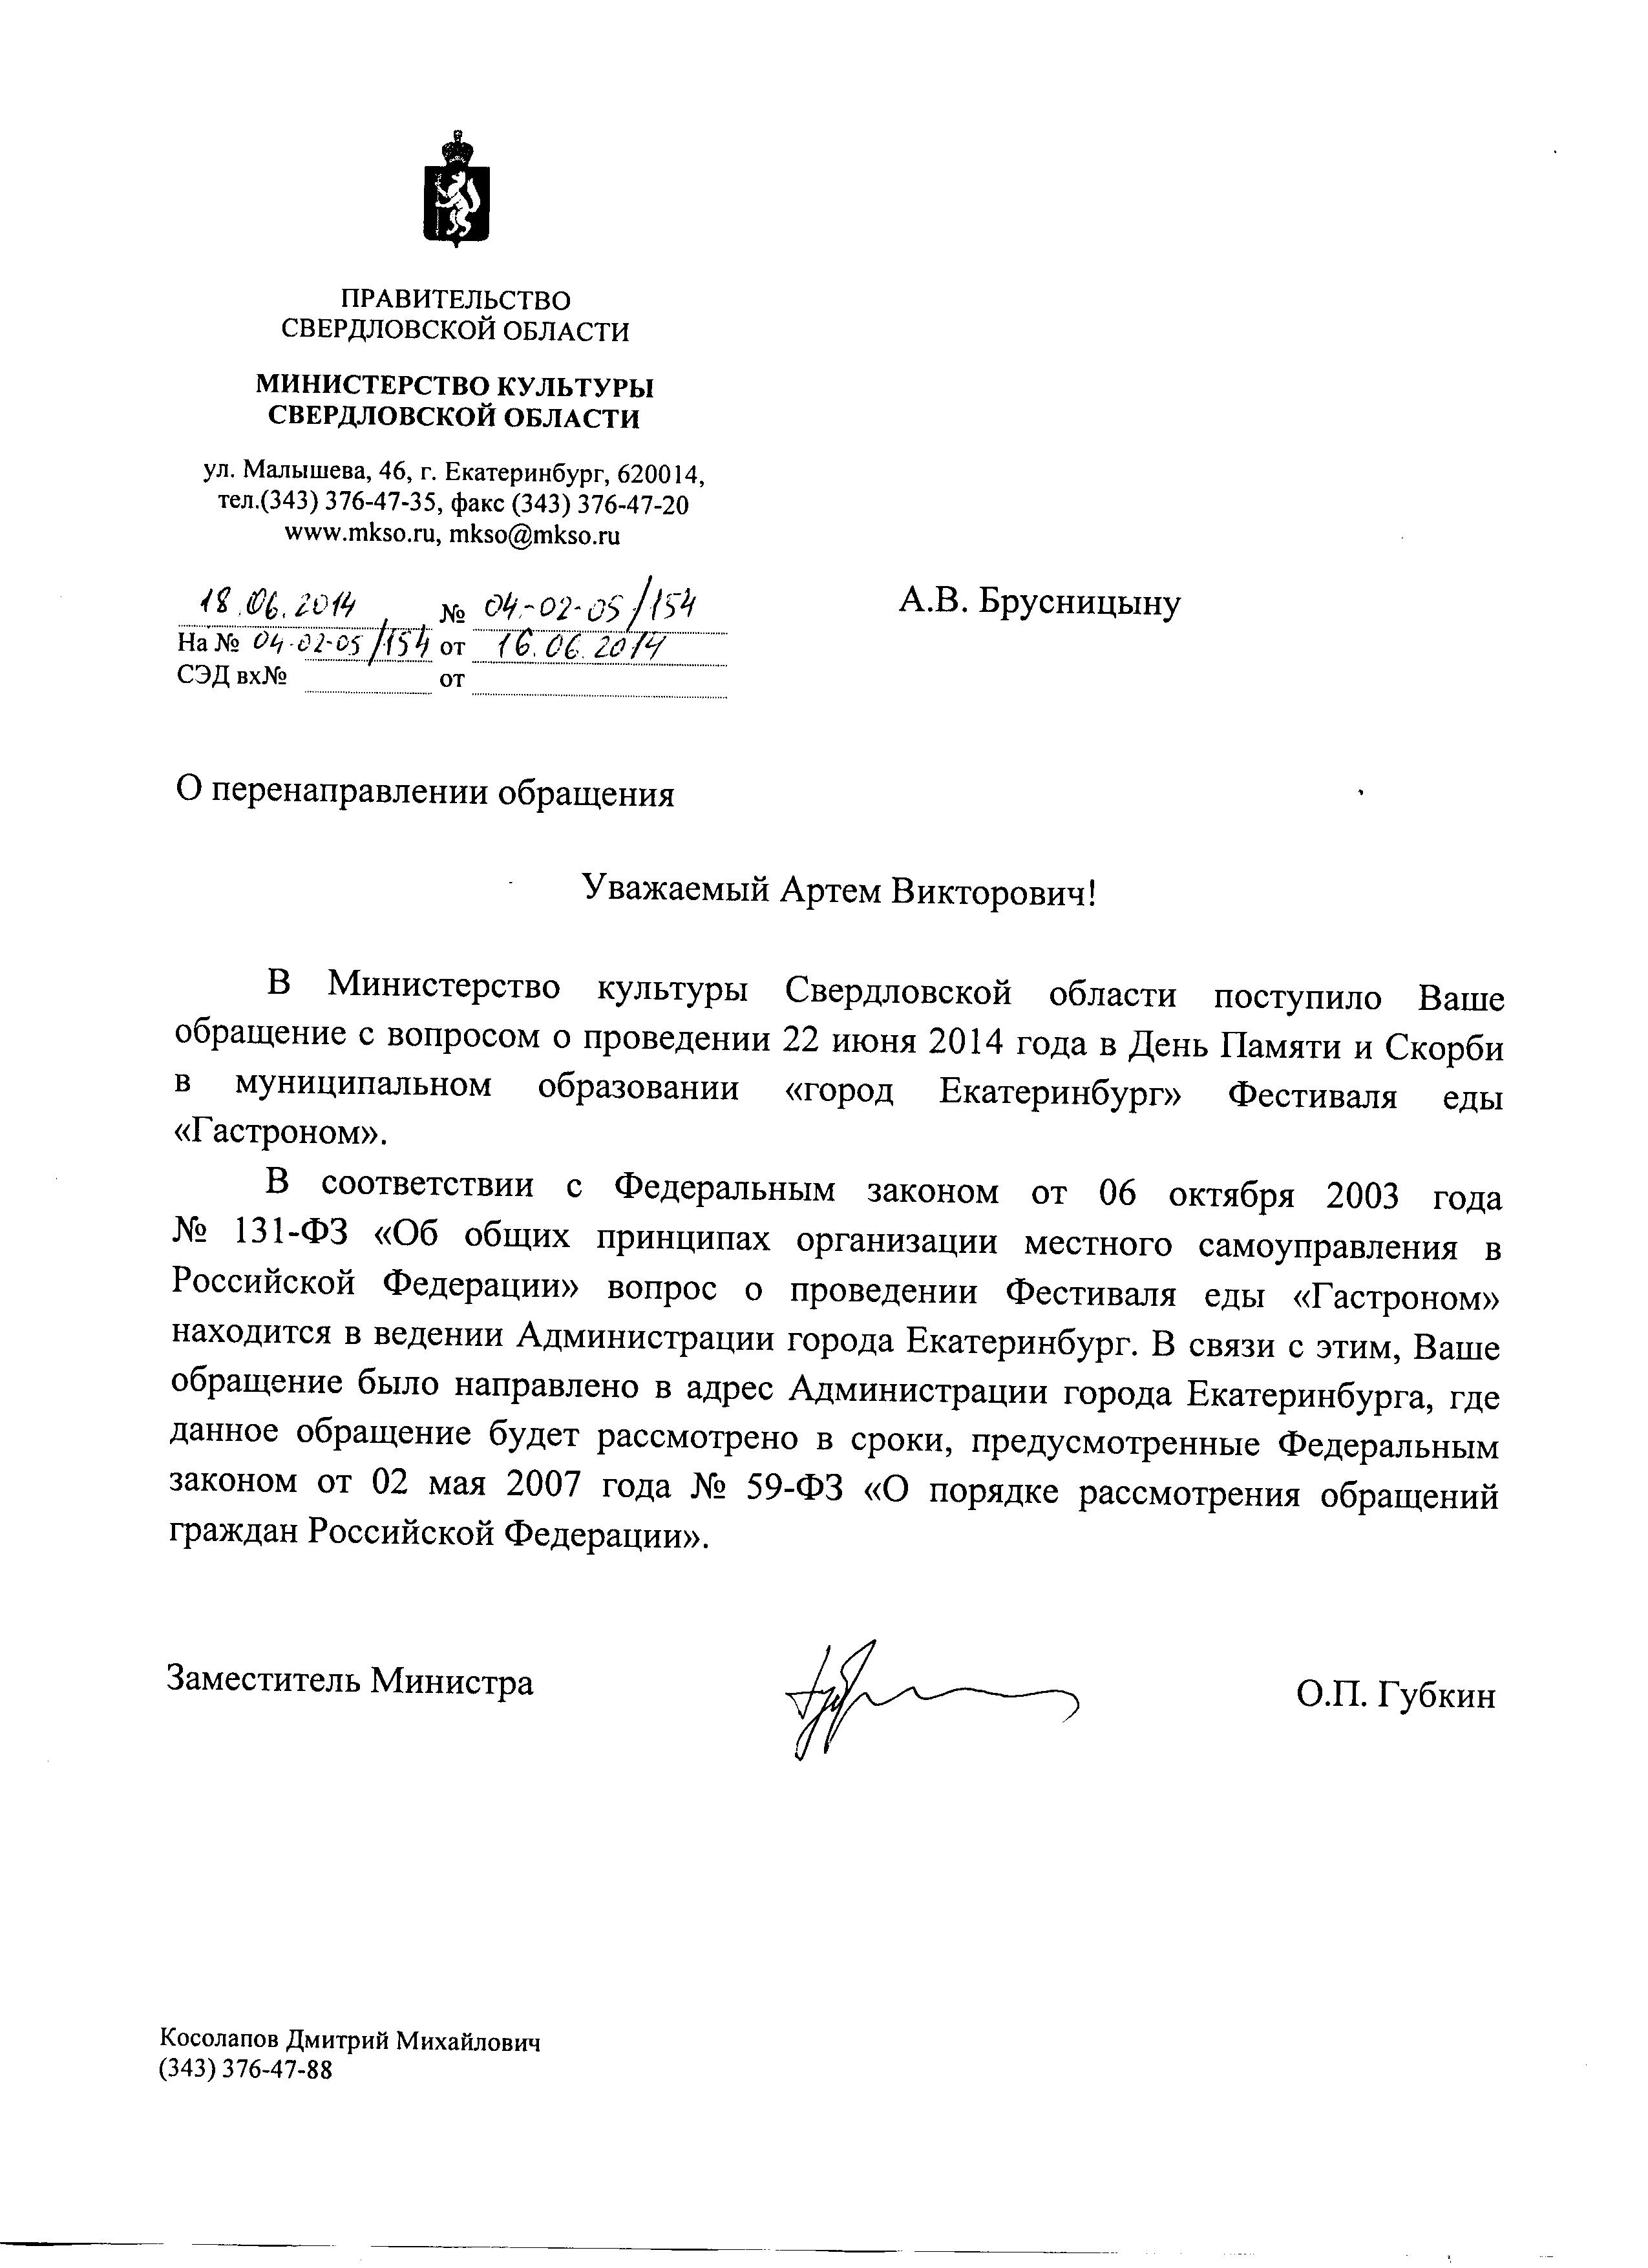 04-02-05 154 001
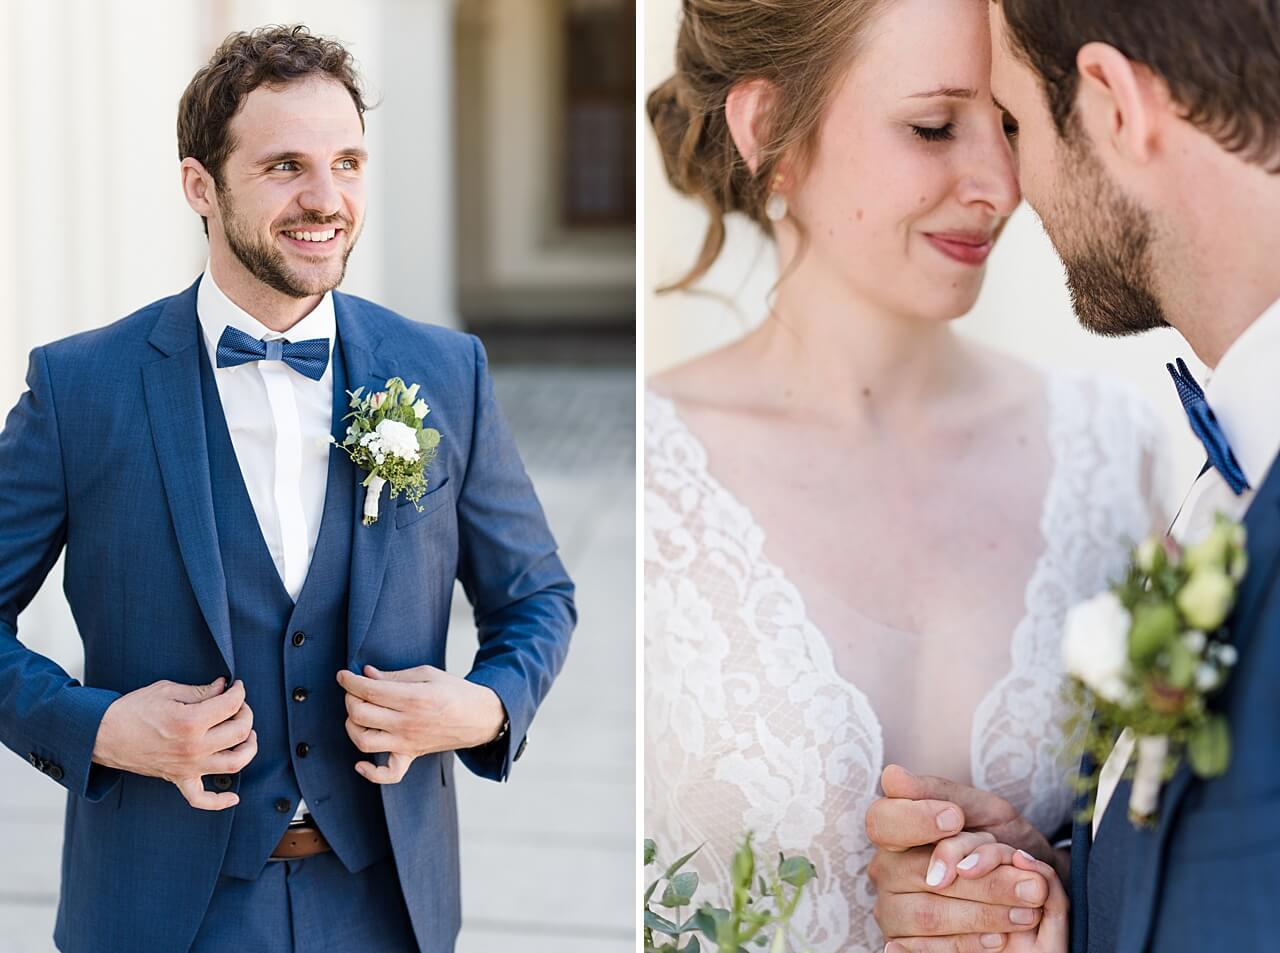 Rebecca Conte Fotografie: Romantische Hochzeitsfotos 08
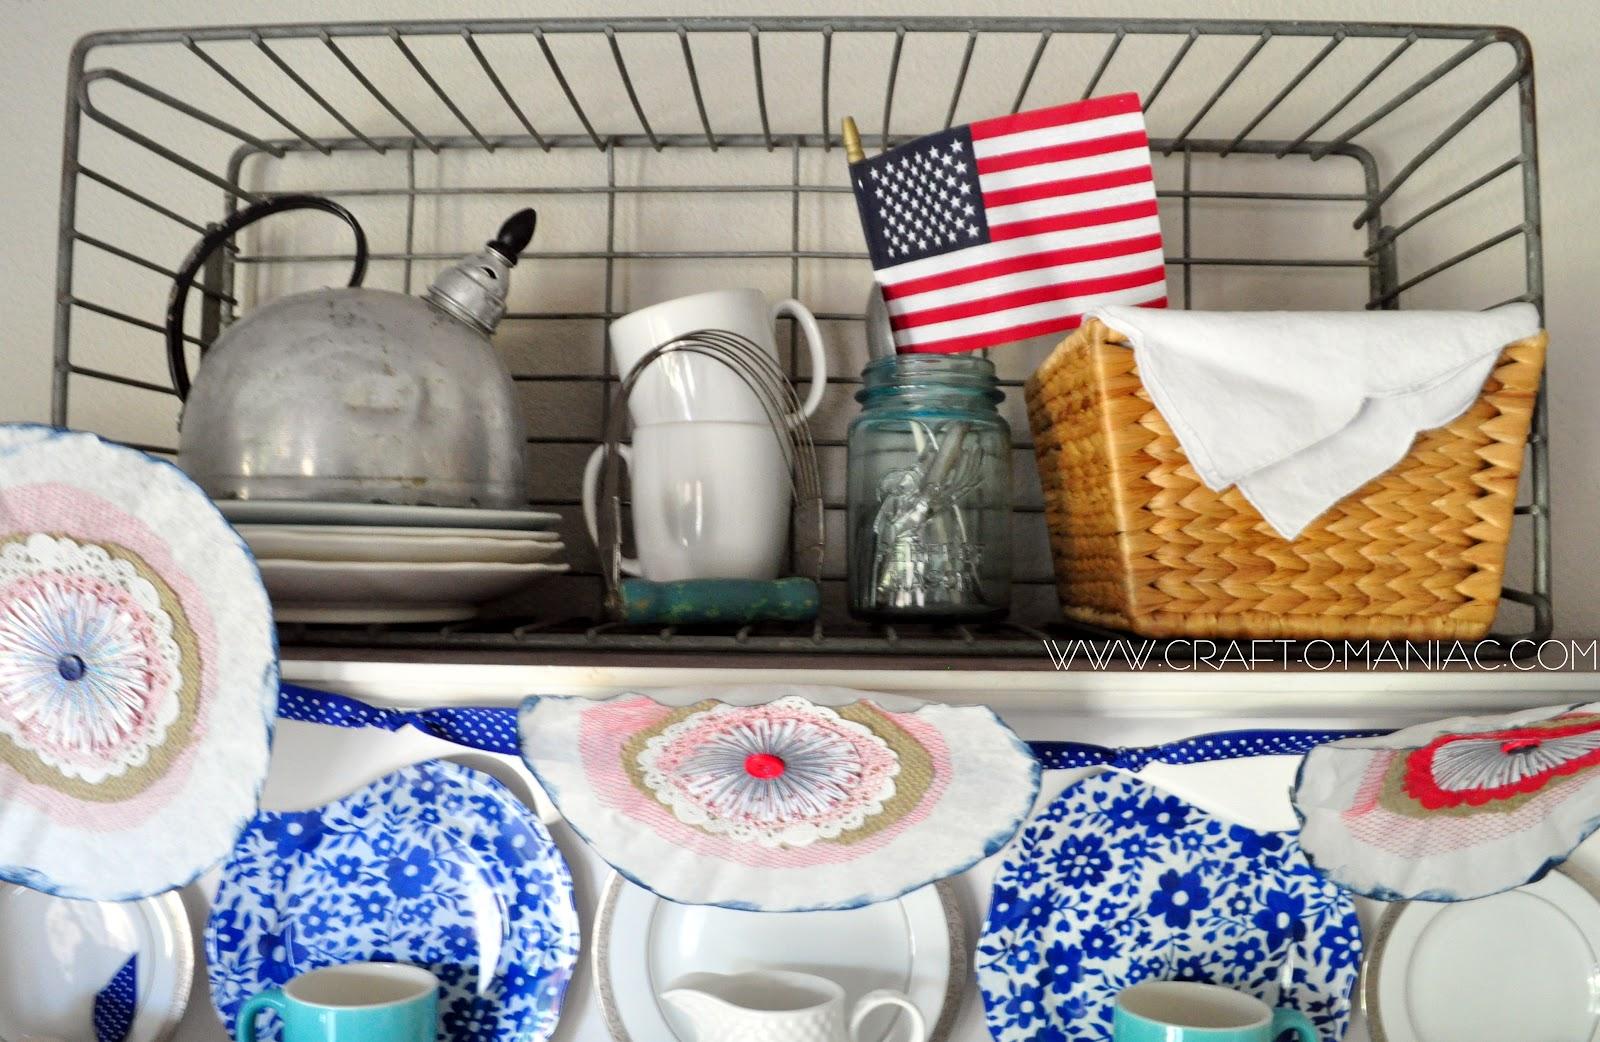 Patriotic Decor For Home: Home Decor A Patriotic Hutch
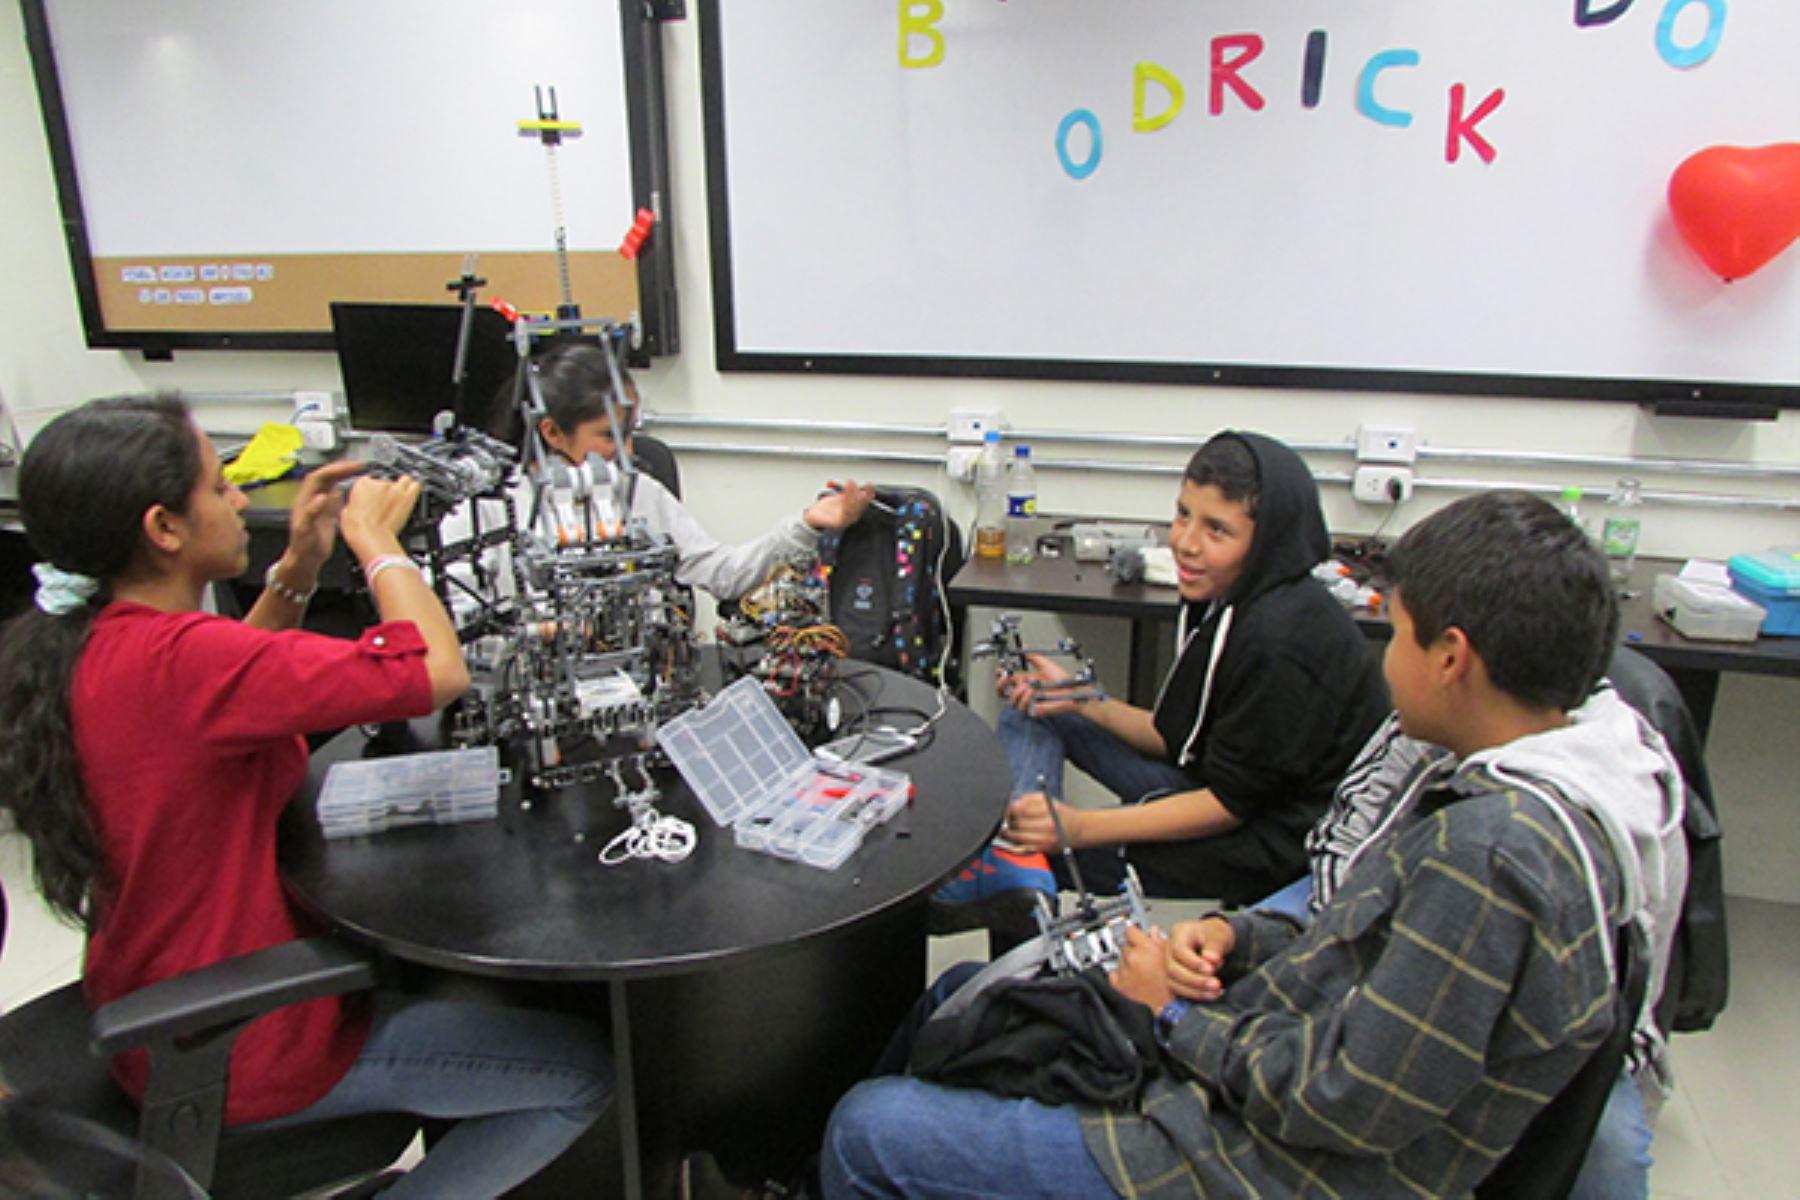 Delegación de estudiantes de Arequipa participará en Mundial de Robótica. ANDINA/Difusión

● WHAT NEEDS TO BE DONE: All of the data above should be printed again exactly, though none of the pictures belong in the copy.

● RESPONSE AREA:
 04-02-05 154 001
 Rebecca Conte Fotografie: Romantische Hochzeitsfotos 08
 Patriotic Decor For Home: Home Decor A Patriotic Hutch
 Delegación de estudiantes de Arequipa participará en Mundial de Robótica. ANDINA/Difusión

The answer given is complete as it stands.